Having covered why it should go ahead, here are two further reasons it might be happening:

Labour’s woes – some people are saying this is the ONLY reason May is calling an early election. Obviously, it must be tempting with Labour is such disarray to take advantage of it. Remember, the Conservatives are one of the greatest election-winning machines in world political history so it would be no surprise if they were to use this election to ‘solidify’ electorally their 15-20 point poll advantage. They couldn’t be guaranteed that Jeremy Corbyn would still be in place in 2020, so they should take the chance now. A Labour supporting friend of mine, actually a party member, told me today that they were glad this was happening now so that the “Corbyn nightmare will be over”. Labour COULD be reduced to as little as or worse than their 154 seat result in 1935, IF the Lib Dems have a good campaign, IF UKIP can present themselves as a sensible alternative and IF the Conservatives pick up the marginal seats they had previously lost to Labour.

2015 Conservative election expenses scandal – on March 17th this year the Electoral Commission fined the Conservatives £70,000 for the under-reporting of its election expenses during the 2015 General Election. Furthermore, fourteen police forces have asked the Crown Prosecution Service to consider charges over election expenses. It is technically possible that these individual constituency elections would have to be rerun, although unlikely. Some are suggesting that calling a new election would result in a ‘clean slate’ for them (assuming they stick to the rules this time). That is not necessarily so, but it is still a point worth considering.
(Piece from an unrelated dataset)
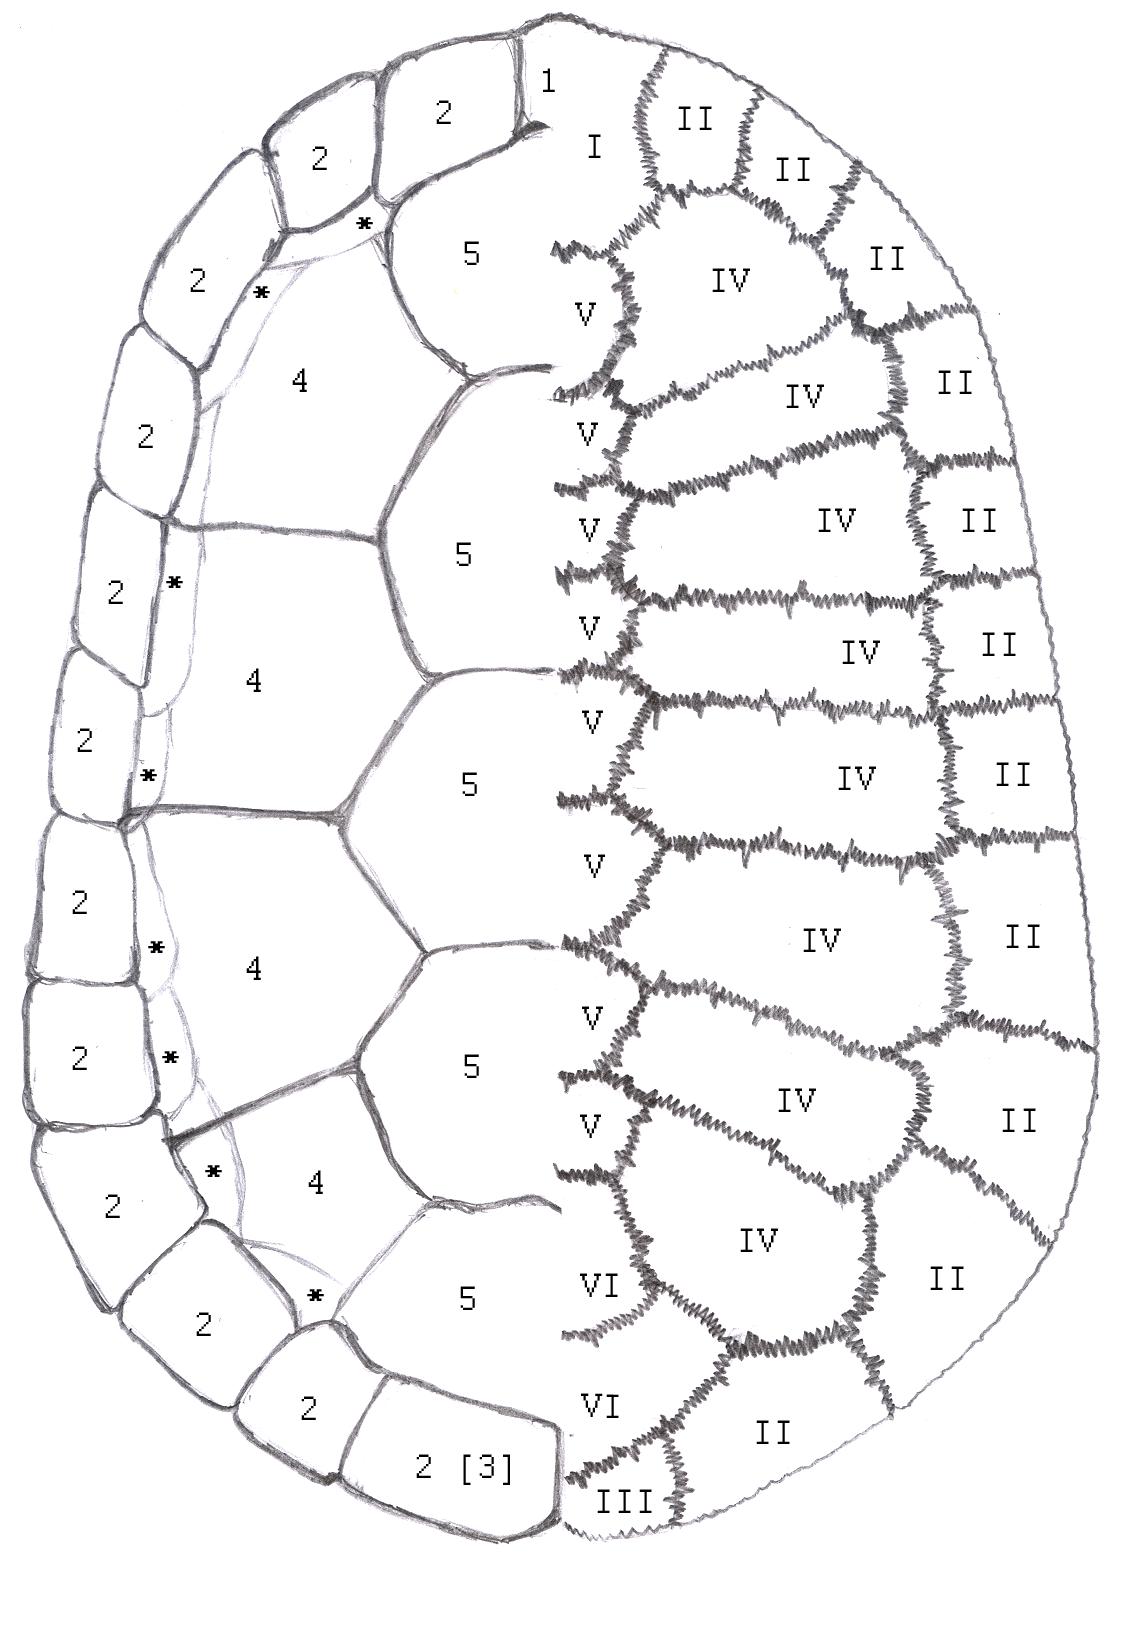 Knochenplatten Hornplatten im Vergleich. Panzer Schildkröten
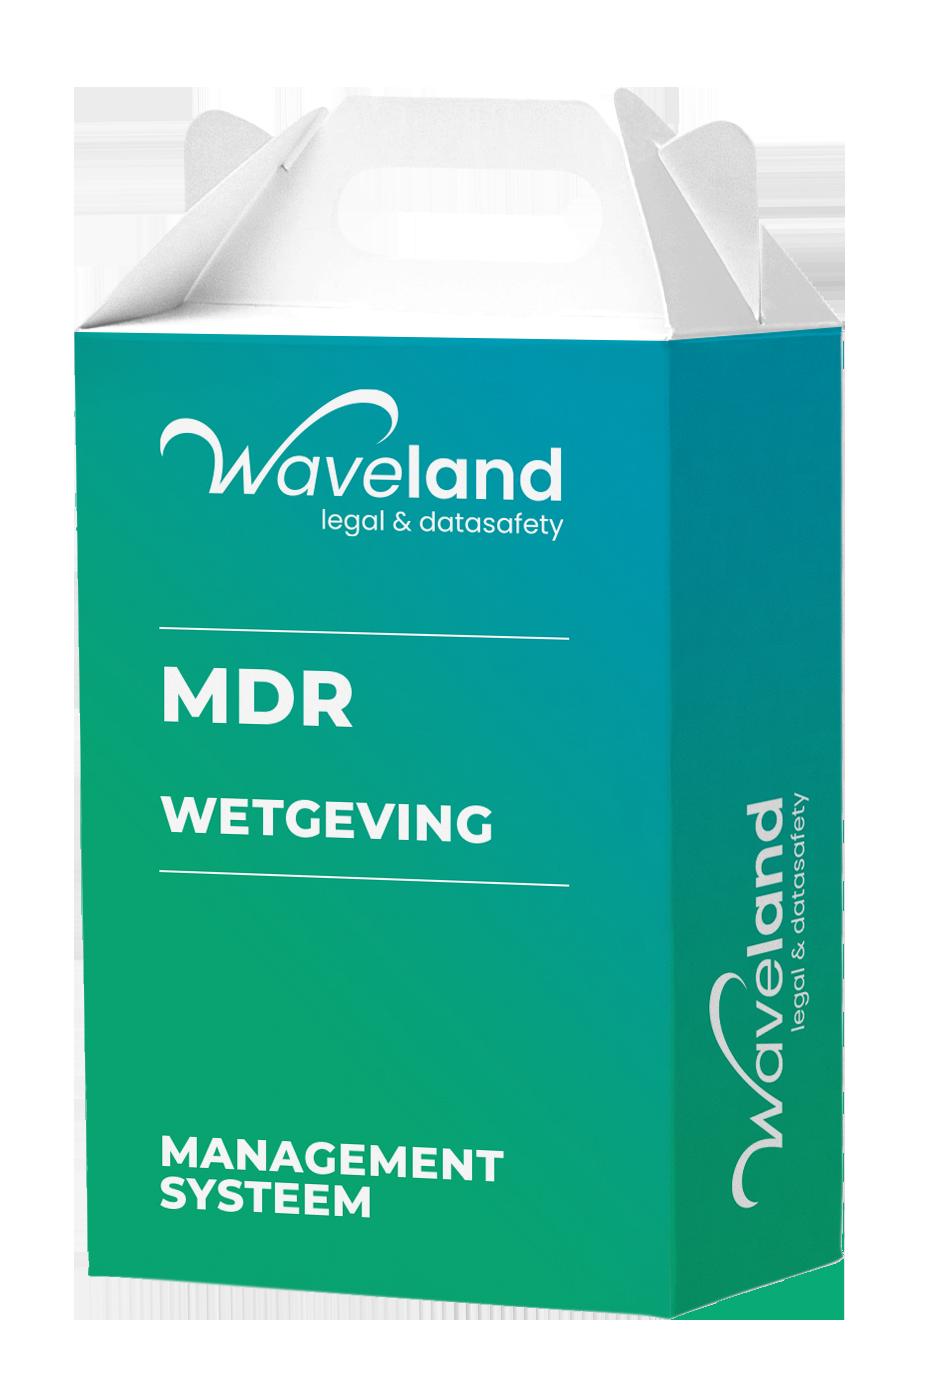 MDR Wetgeving

As to which actually is the most important reason for this election happening? I think it is a combination of all of the above. For me the most important reason is to give May some sort of mandate to lead. I realise I am making a lot of assumptions in this blog, in particular that the Conservatives will win by a large margin, and the situation with Labour. I will look at these assumptions in more detail in future blogs.

2 thoughts on “Four plus two reasons why Theresa May wants to hold the election on 8th June

  1. rebecca irwin says:

    Dear Paul,
    What a wise, clear and insightful blog; it’s so useful and intriguing, thank you!
    Welcome home too; we’re all looking forward to hearing all about the trip,
    Bec x

    Sent from my iPhone


  2. AndrewZ says:

    There is another possible reason to consider. The process for leaving the EU specified in Article 50 of the Treaty of Lisbon involves a 2-year period of negotiations. But there are so many technical and political issues to be resolved that two years might not be enough. Come 2019, the government could still be struggling to complete the process, with temporary but painful effects on the economy due to disruptions to trade. May would then be facing a 2020 election fought over the consequences of a messy, half-finished Brexit. Holding an election now lets her push back the first post-Brexit election to 2022, increasing the government’s chances of getting it all sorted out before they have to go to the country again. I suspect that the timing of the election is an admission of how long and difficult the Brexit process is actually going to be.